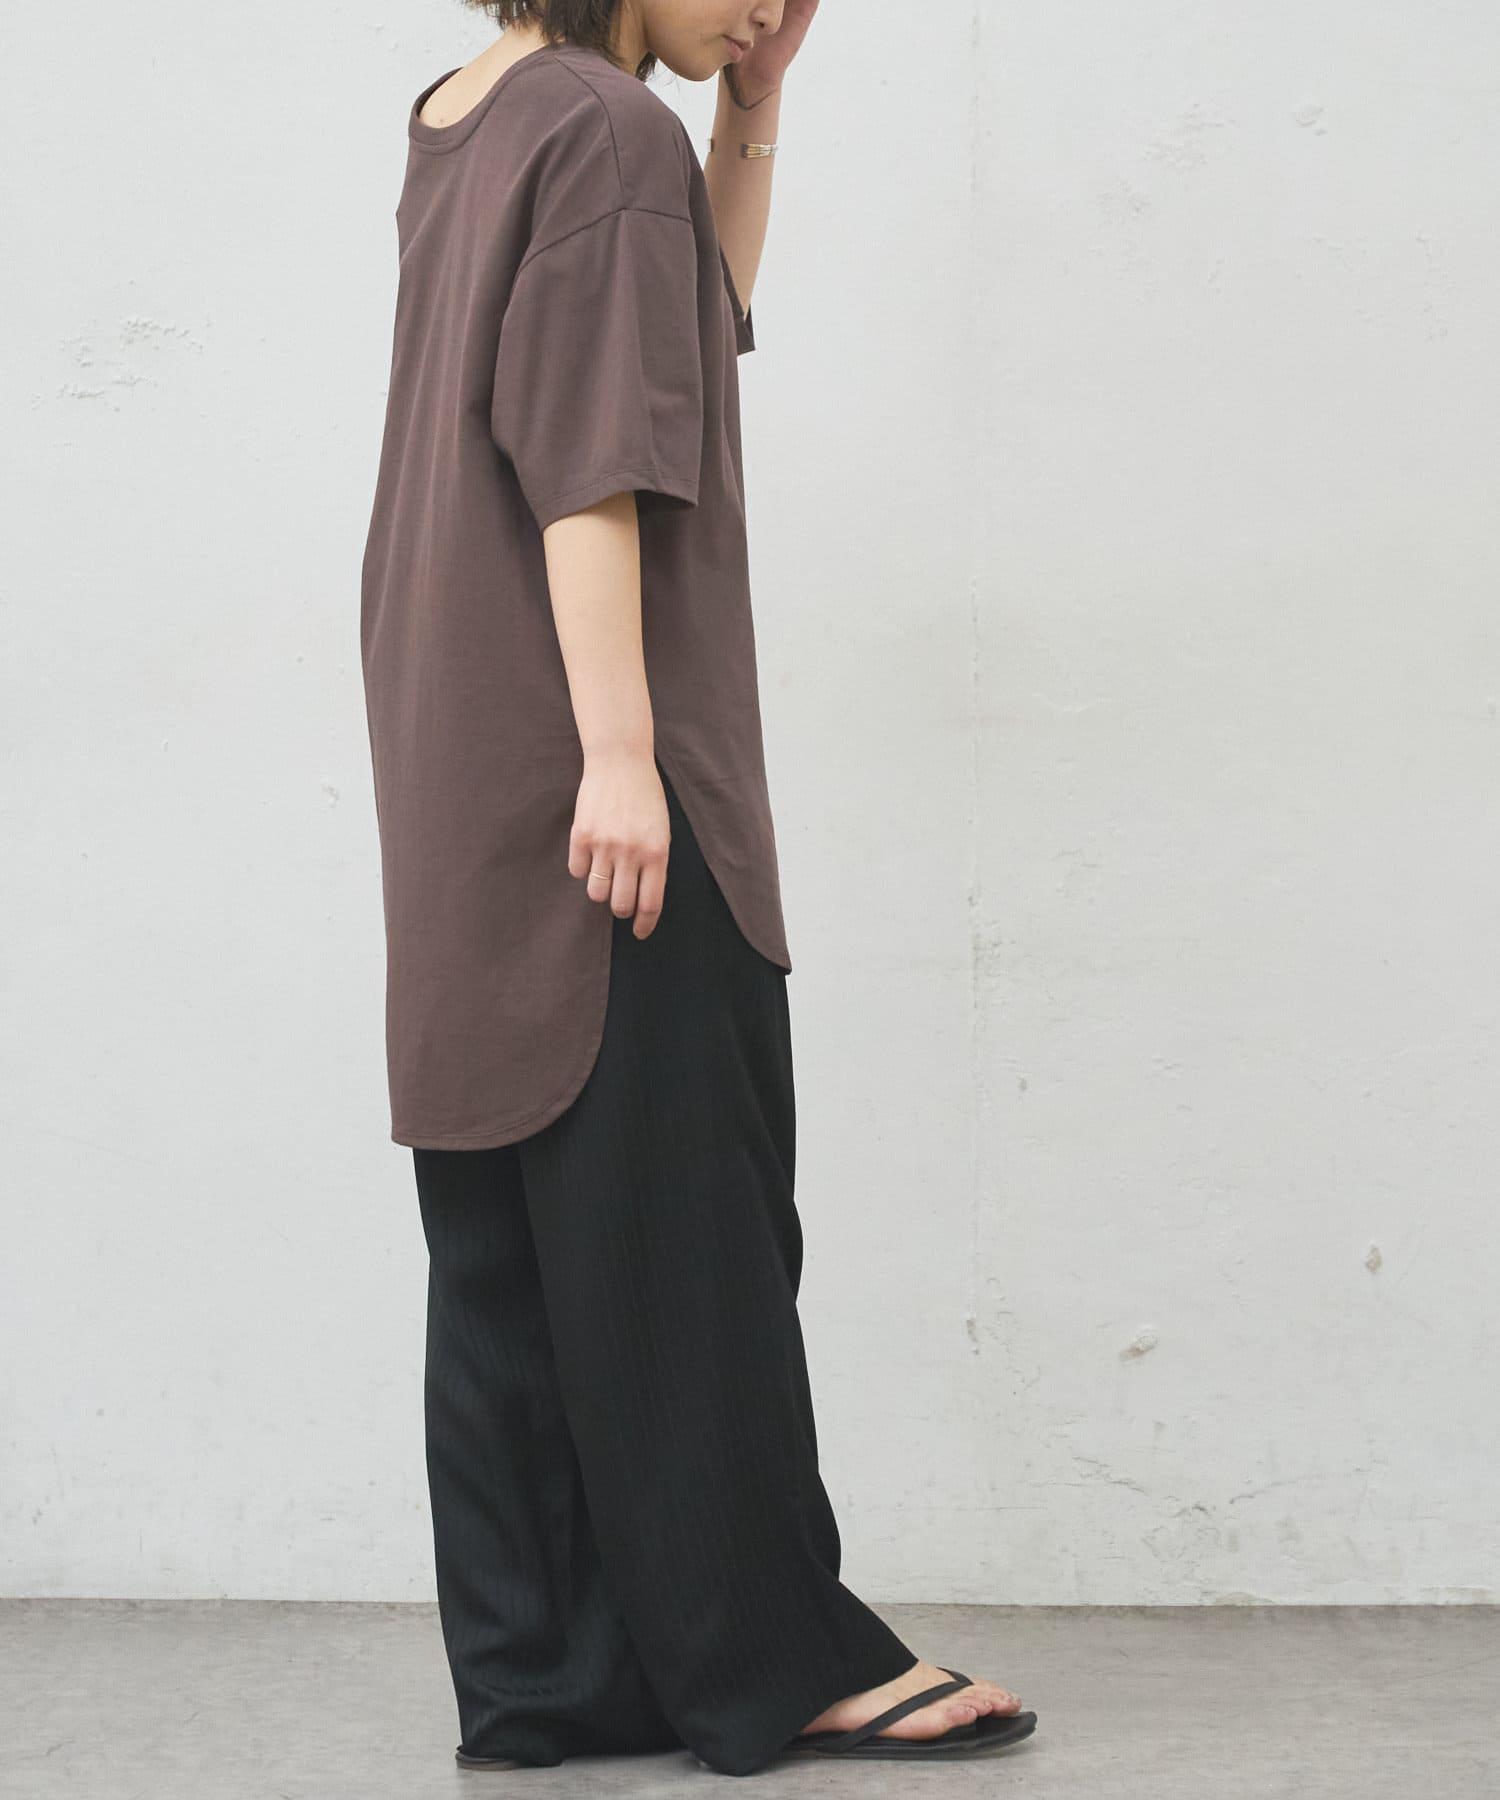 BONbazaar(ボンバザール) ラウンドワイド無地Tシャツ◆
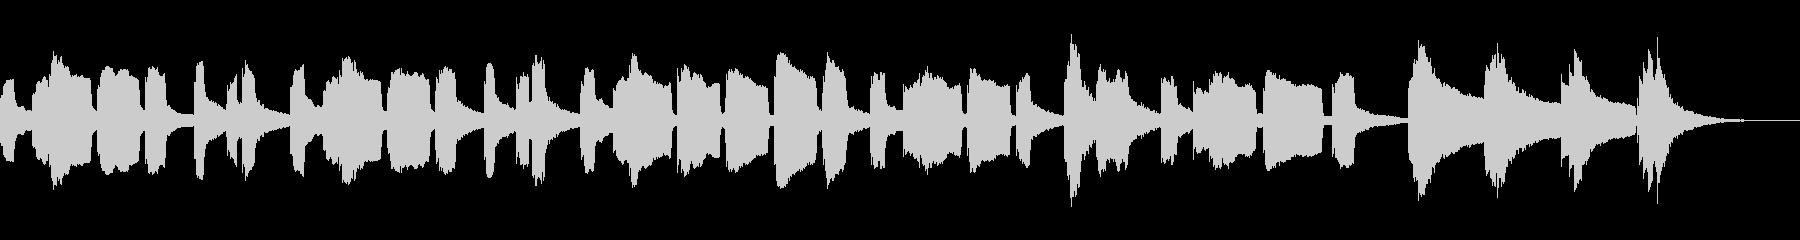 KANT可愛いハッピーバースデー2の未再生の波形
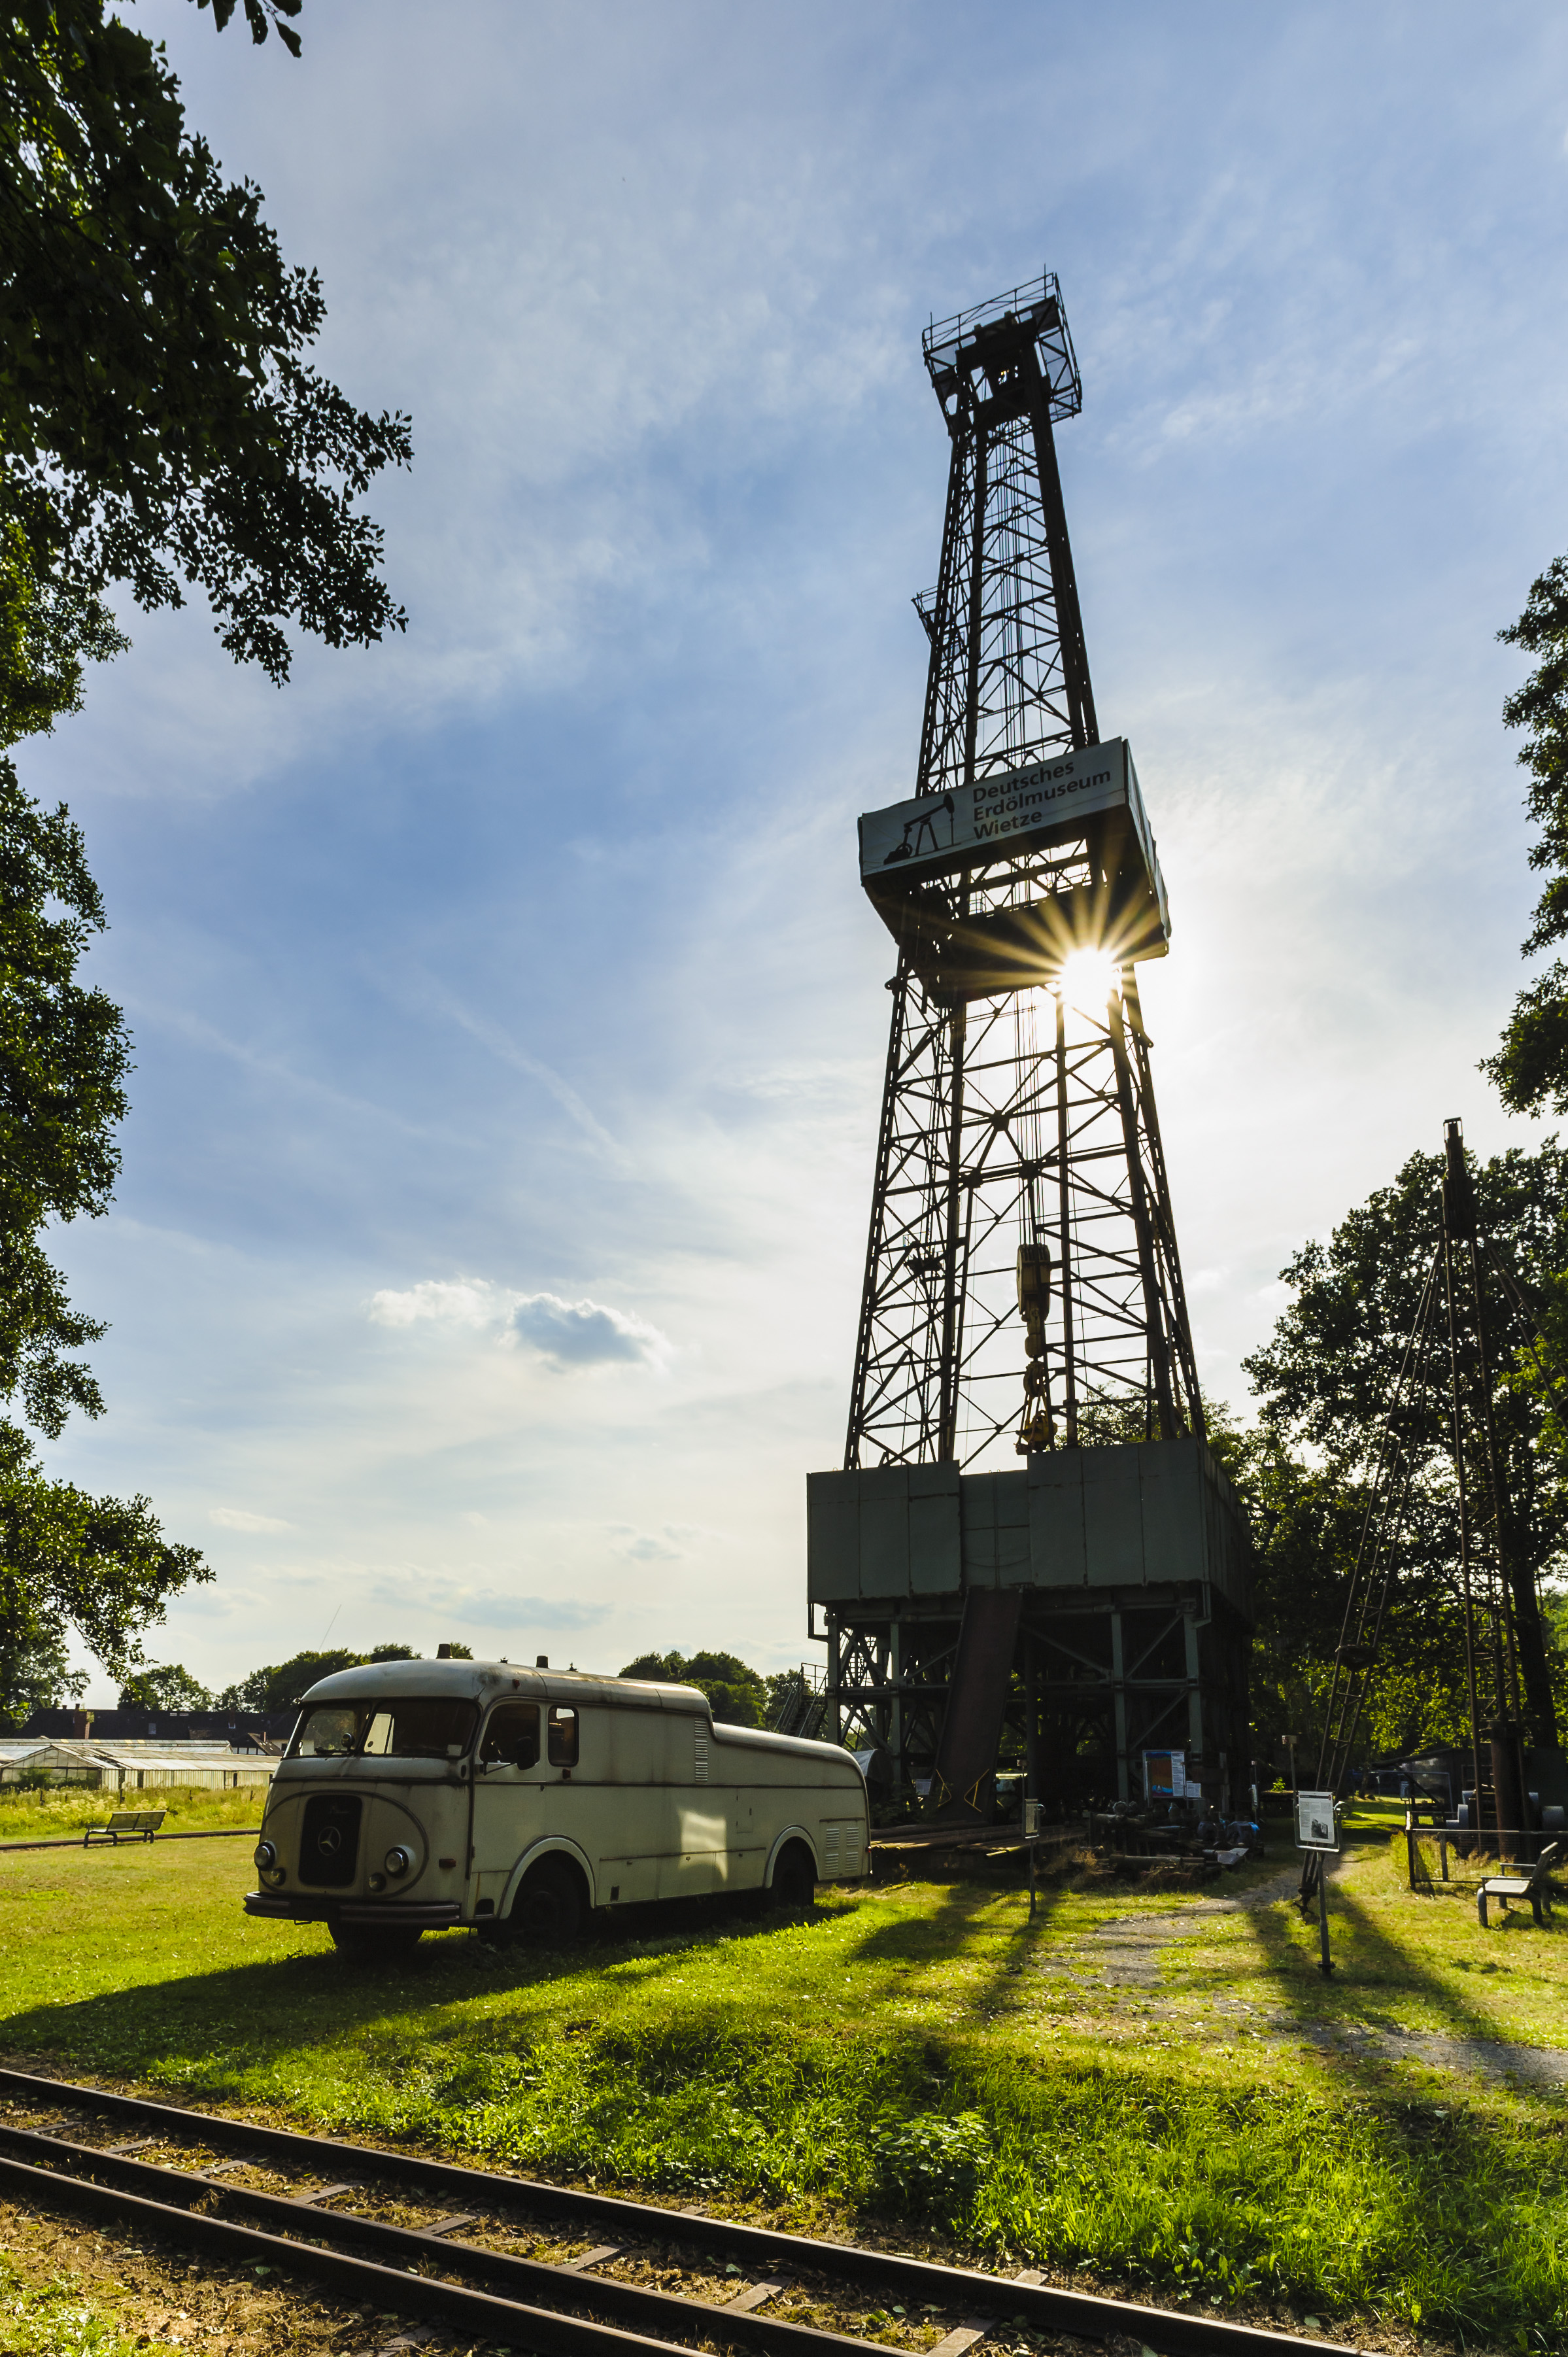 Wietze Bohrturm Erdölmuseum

» **YOUR INSTRUCTIONS**
Return only the lines from the one that contains "KANT可愛いハッピーバースデー2の未再生の波形" through the closing line of the data, inclusive, reproduced exactly and with every picture left out.

» **EXERCISE SOLUTION**
 KANT可愛いハッピーバースデー2の未再生の波形
 Wietze Bohrturm Erdölmuseum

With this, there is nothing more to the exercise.